From: Marko Mikulicic
Subject: Re: objective-c: how slow ?
Date: Sat, 01 Sep 2001 00:56:17 -0400
User-agent: Mozilla/5.0 (X11; U; Linux i686; en-US; rv:0.9.3) Gecko/20010801

Erik M. Buck wrote:
Objective-C message dispatch is 2-3 times slower than a C function call.
Since not that much time is spent in function calls themselves as opposed to
the bodies of the functions, it seldom has a huge impact.
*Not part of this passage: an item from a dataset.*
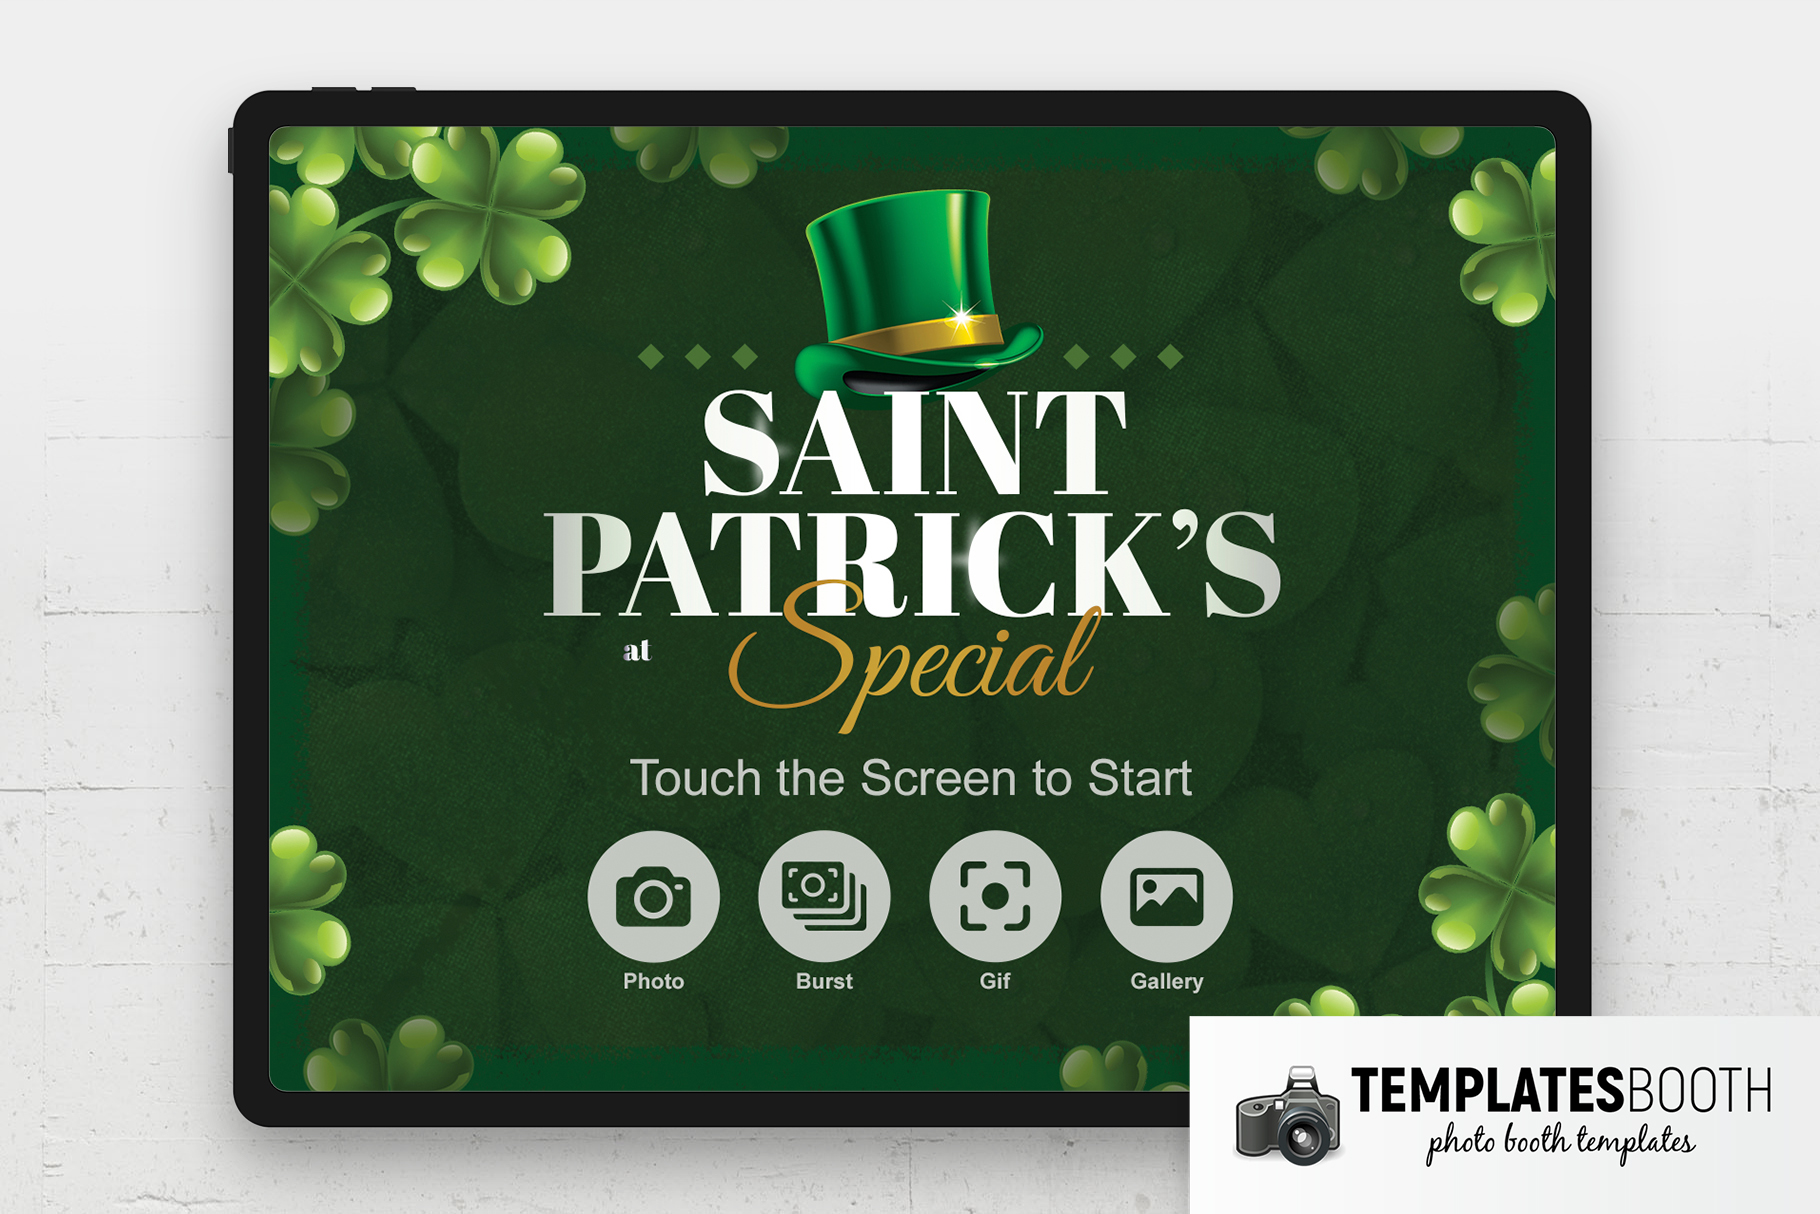 St. Patrick's Day Photo Booth Welcome Screen

That depends on the programming style. In pure OOP languages like smalltalk
message passing IS the body of the functions.
Since Objective-C has hardwired control structures (from C), doesn't need to handle integers though objects, it can have bodies that directly contain "primitive" operations, explicitly programmed (as opposed to inlines by the compiler). The impact of a slower dispatch isn't so great so it may be ignored,
but this situation may influence the design and coding decisions, for
example trying to avoid too deep message chains. (doubling the dispatch speed
will double the acceptable chain length, which as a design pattern
it's limited by the human creativity and should not be limited by processing
speed, if possible)

 This can make the code hard to mantain in big projects, when someone
breaks the rule that in a collection should go only instances of class x.

 For message
sending within a loop, the message can be hand optimized into a simple
function call and have exactly the same performance as C.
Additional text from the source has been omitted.